• [Exercise data]

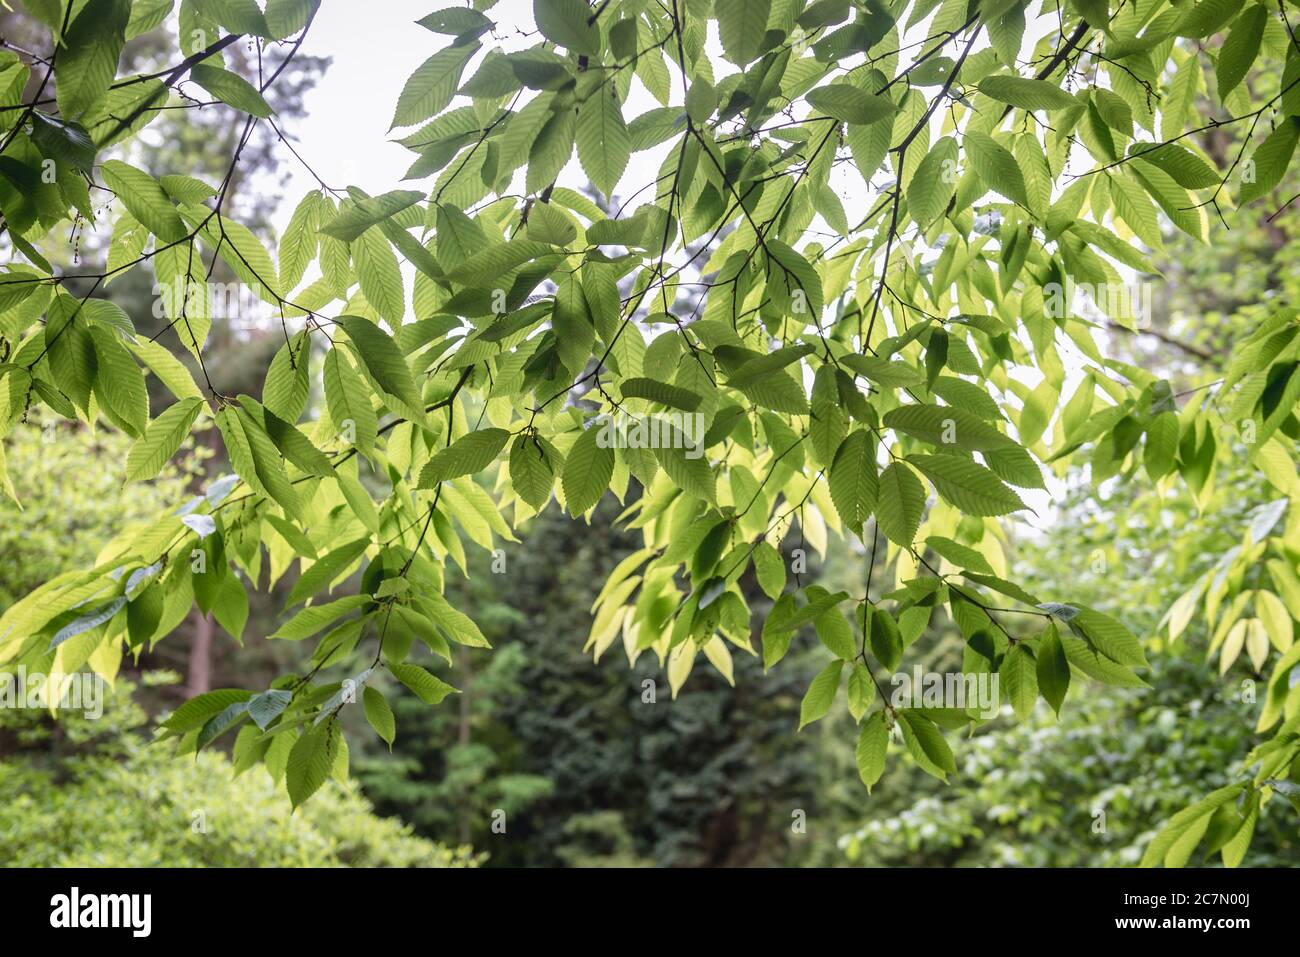 Acer carpinifolium tree leaves, common name hornbeam maple Stock Photo
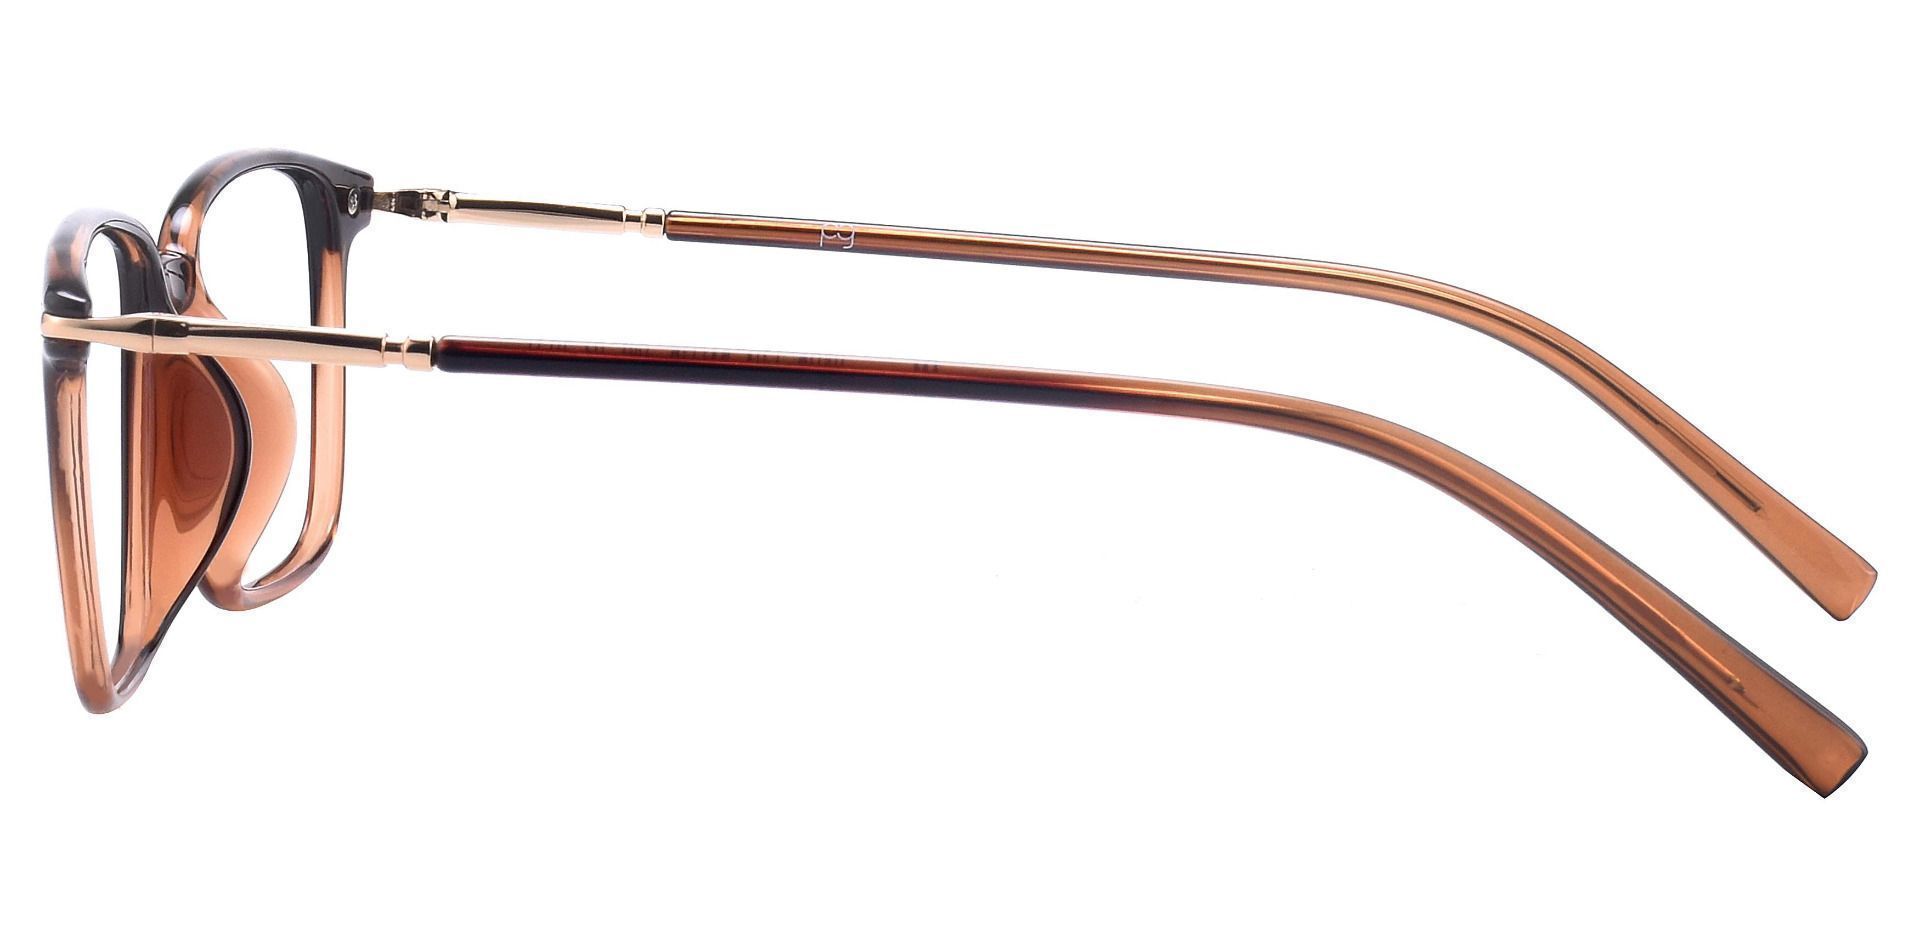 Surrey Rectangle Progressive Glasses - Brown
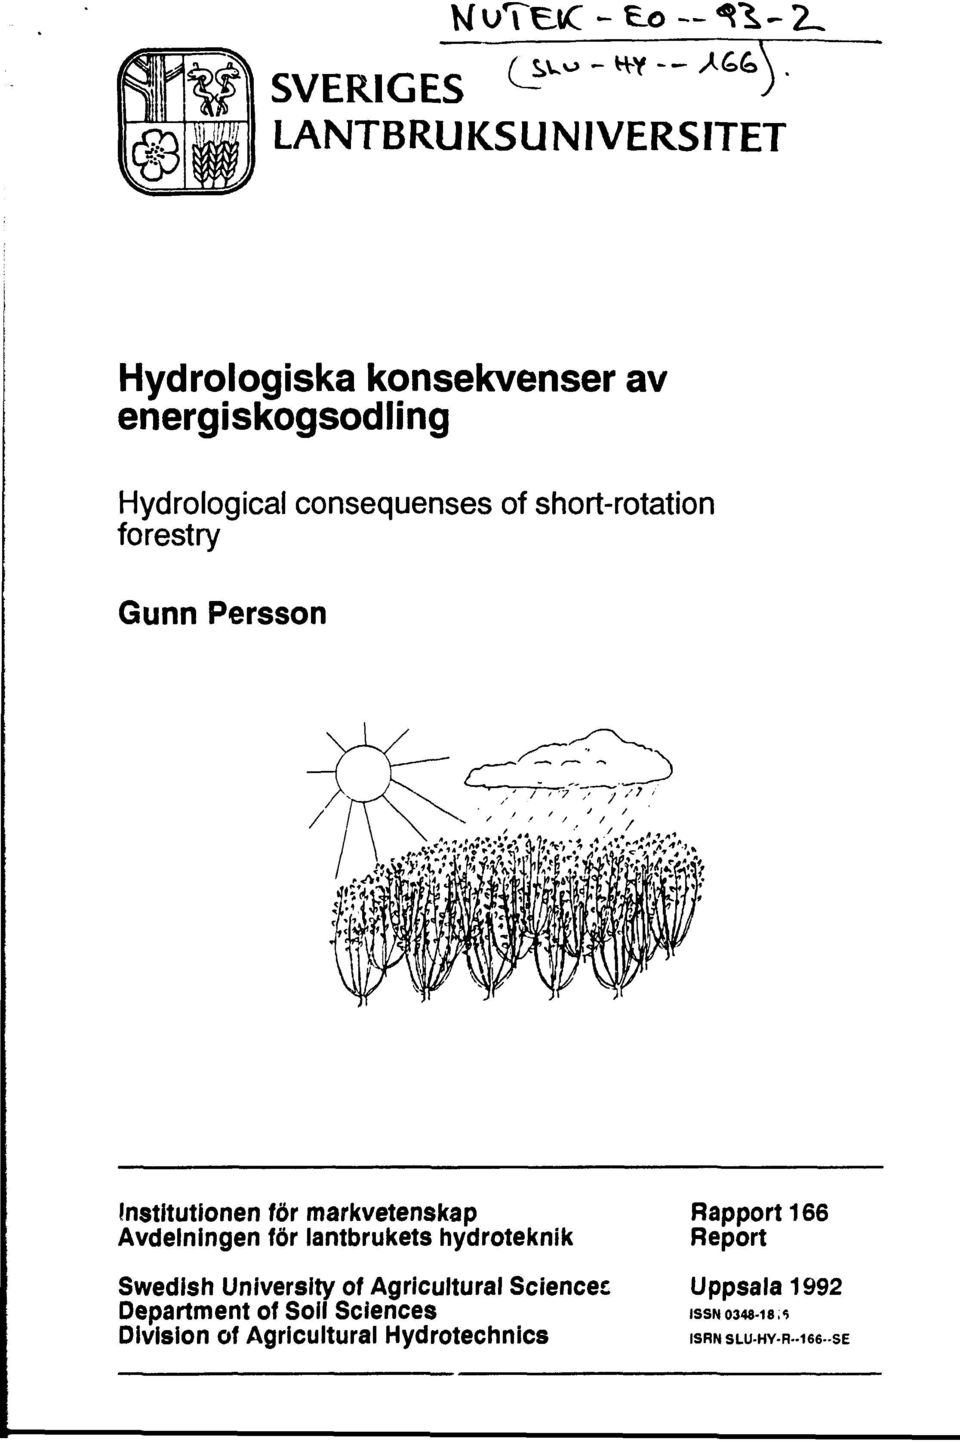 för lantbrukets hydroteknik Swedish University of Agricultural Sciences Department of Soil
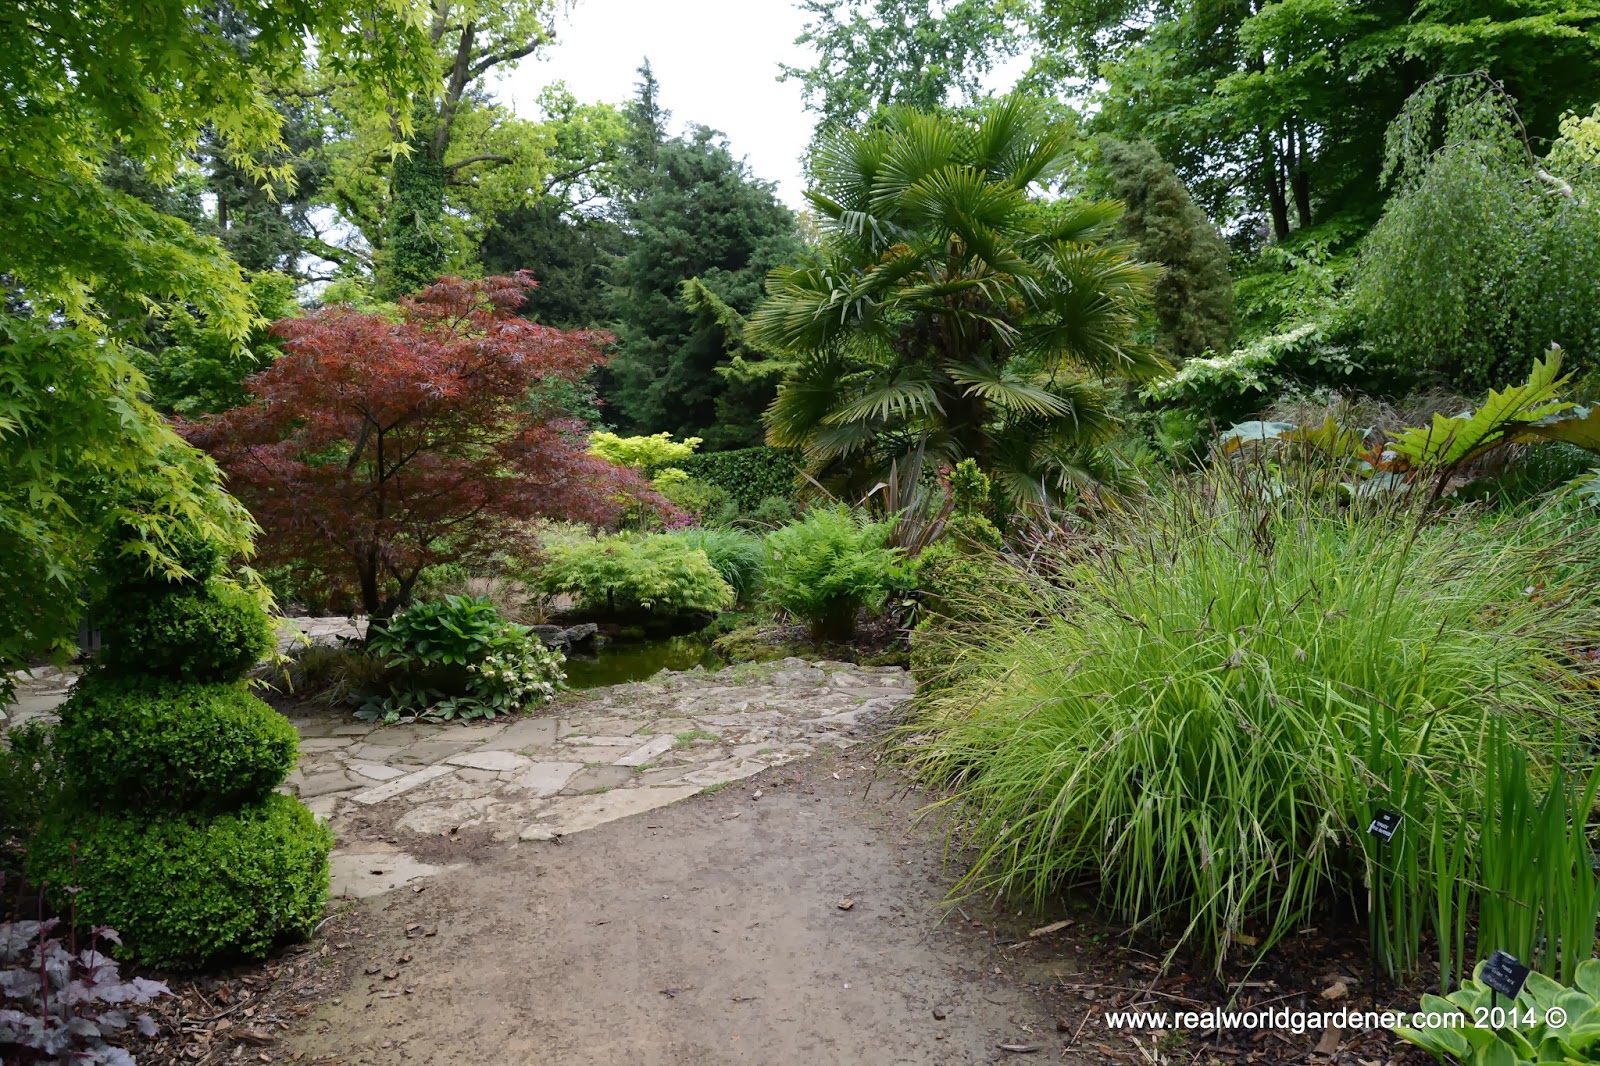 Real World Gardener Texture and Foliage in Green Garden Design

• [Task to carry out]
Exact lines, nothing more: output the one with "Surrey Rectangle Progressive Glasses - Brown" and every later line through the end of the data, skipping pictures.

• [Task answer]
 Surrey Rectangle Progressive Glasses - Brown
 för lantbrukets hydroteknik Swedish University of Agricultural Sciences Department of Soil
 Real World Gardener Texture and Foliage in Green Garden Design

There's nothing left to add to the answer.